(Source data):
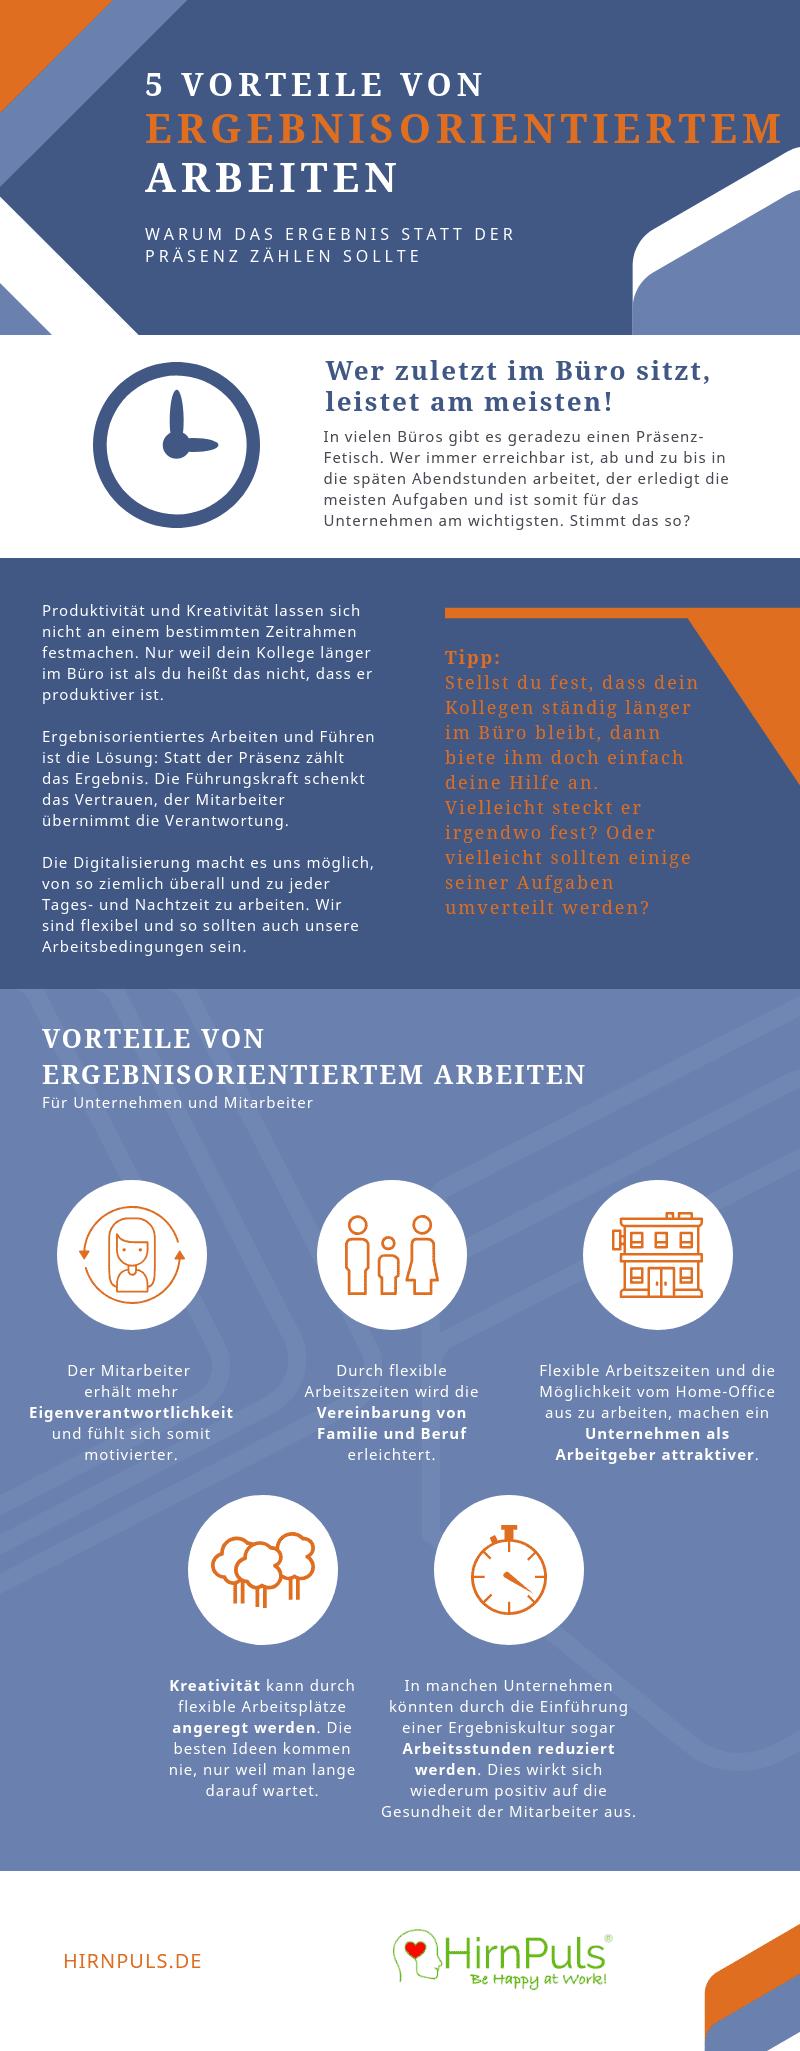 Ergebnisorientiertes Führen Infografik: Welche Vorteile hat ergebnisorientiertes Führen?
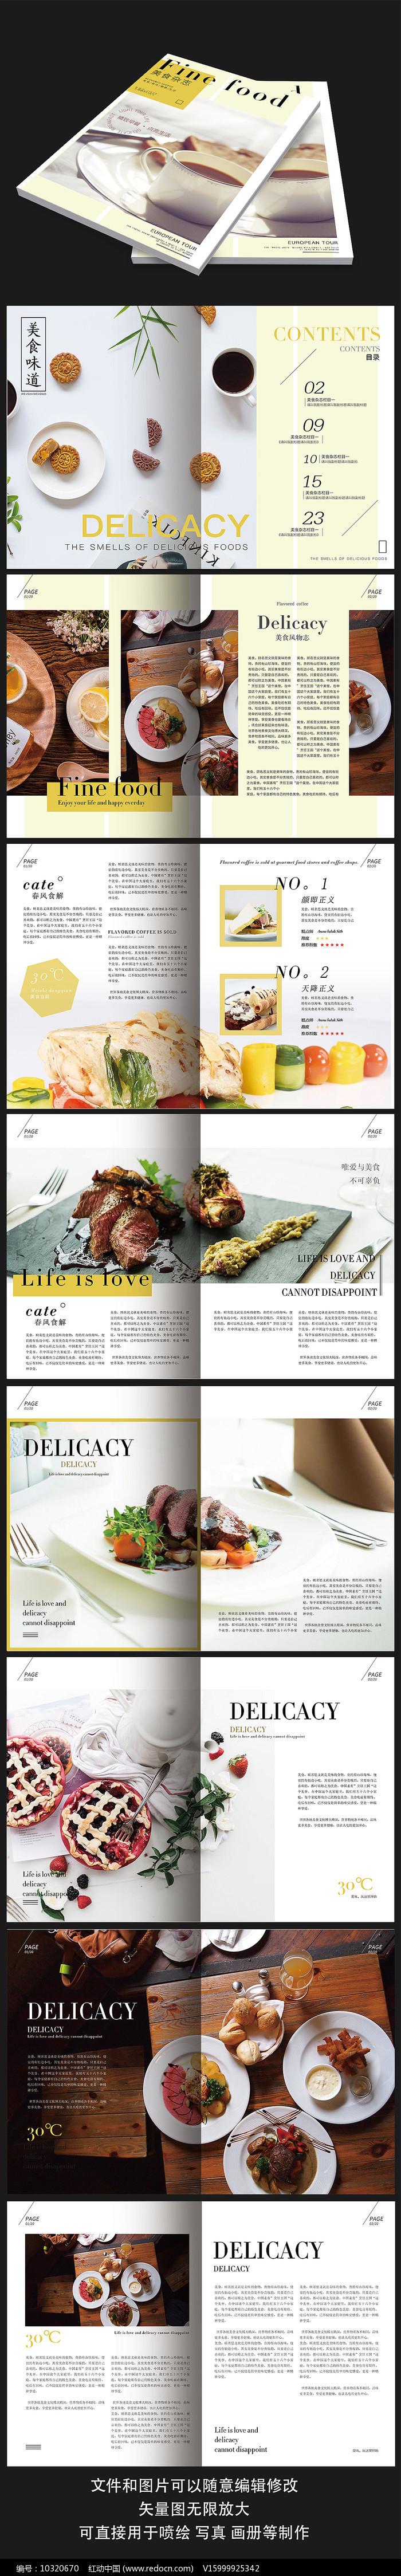 餐厅美食餐饮美食宣传册模板图片
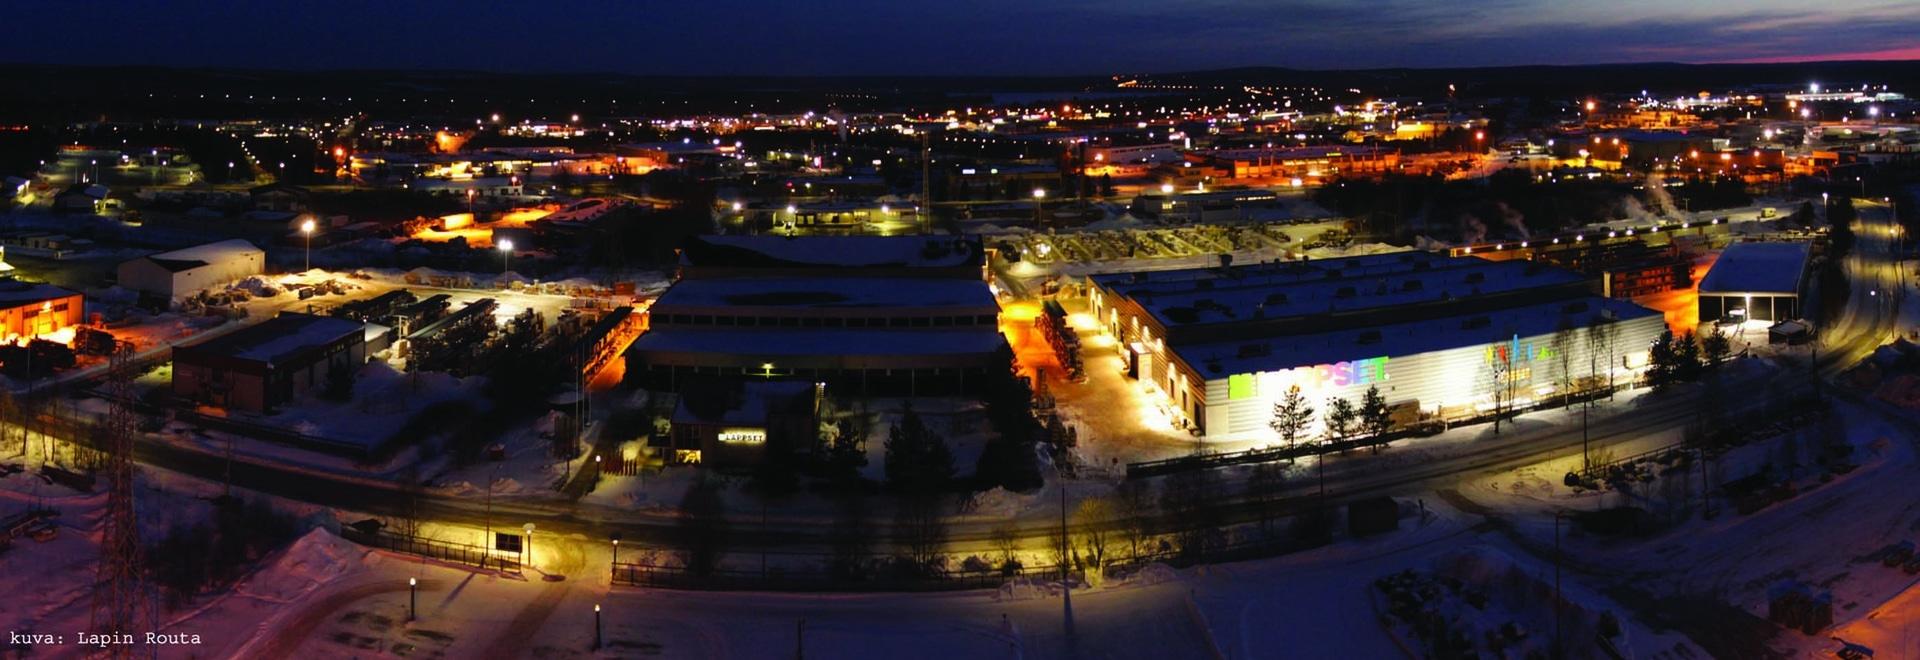 L'usine Lappset de Rovaniemi passe avec succès l'audit externe
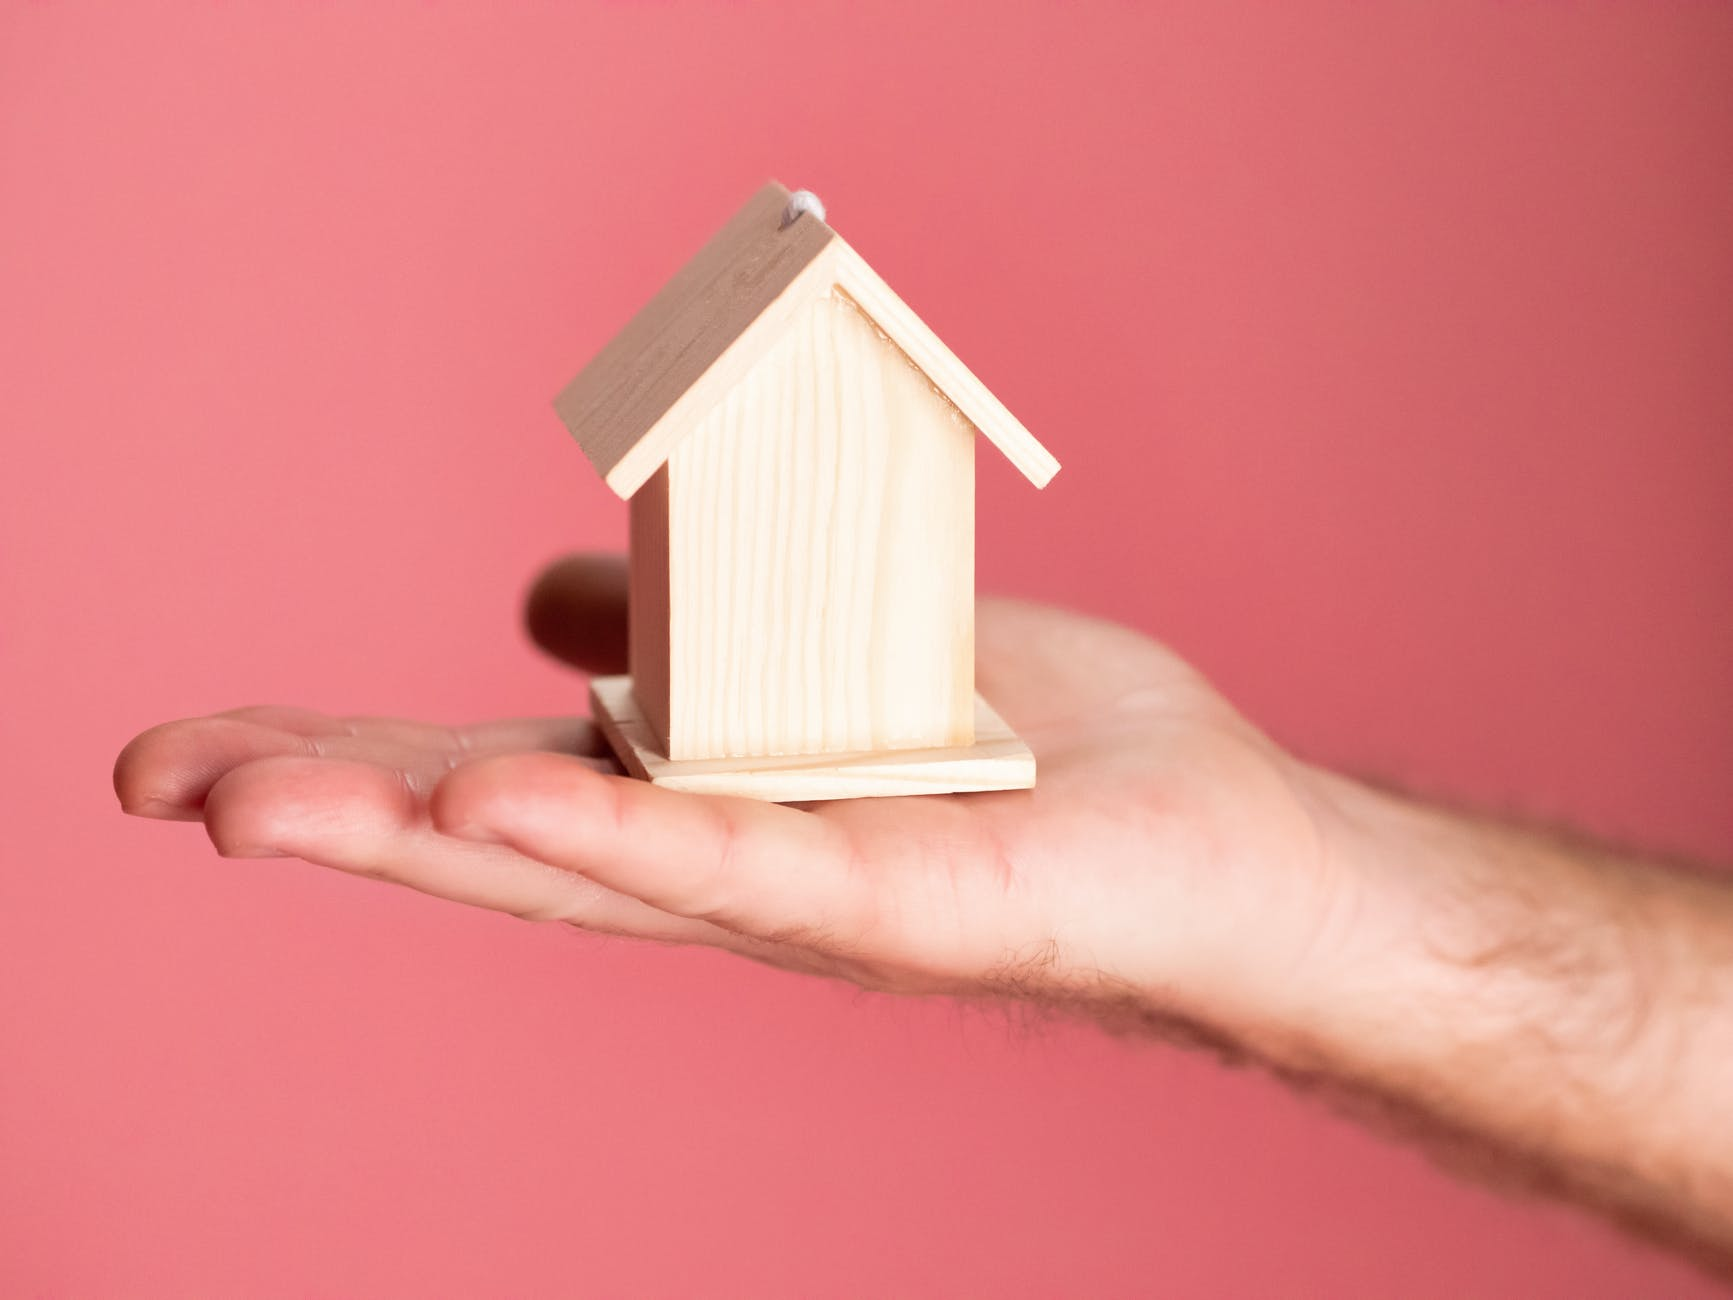 ¿Cuáles son los tipos de compradores inmobiliarios de hoy?

(Task):
Once you find the line with "L'usine Lappset de", restate it and every later line of the data word for word, excluding the pictures.

(The completed task):
 L'usine Lappset de Rovaniemi passe avec succès l'audit externe
 ¿Cuáles son los tipos de compradores inmobiliarios de hoy?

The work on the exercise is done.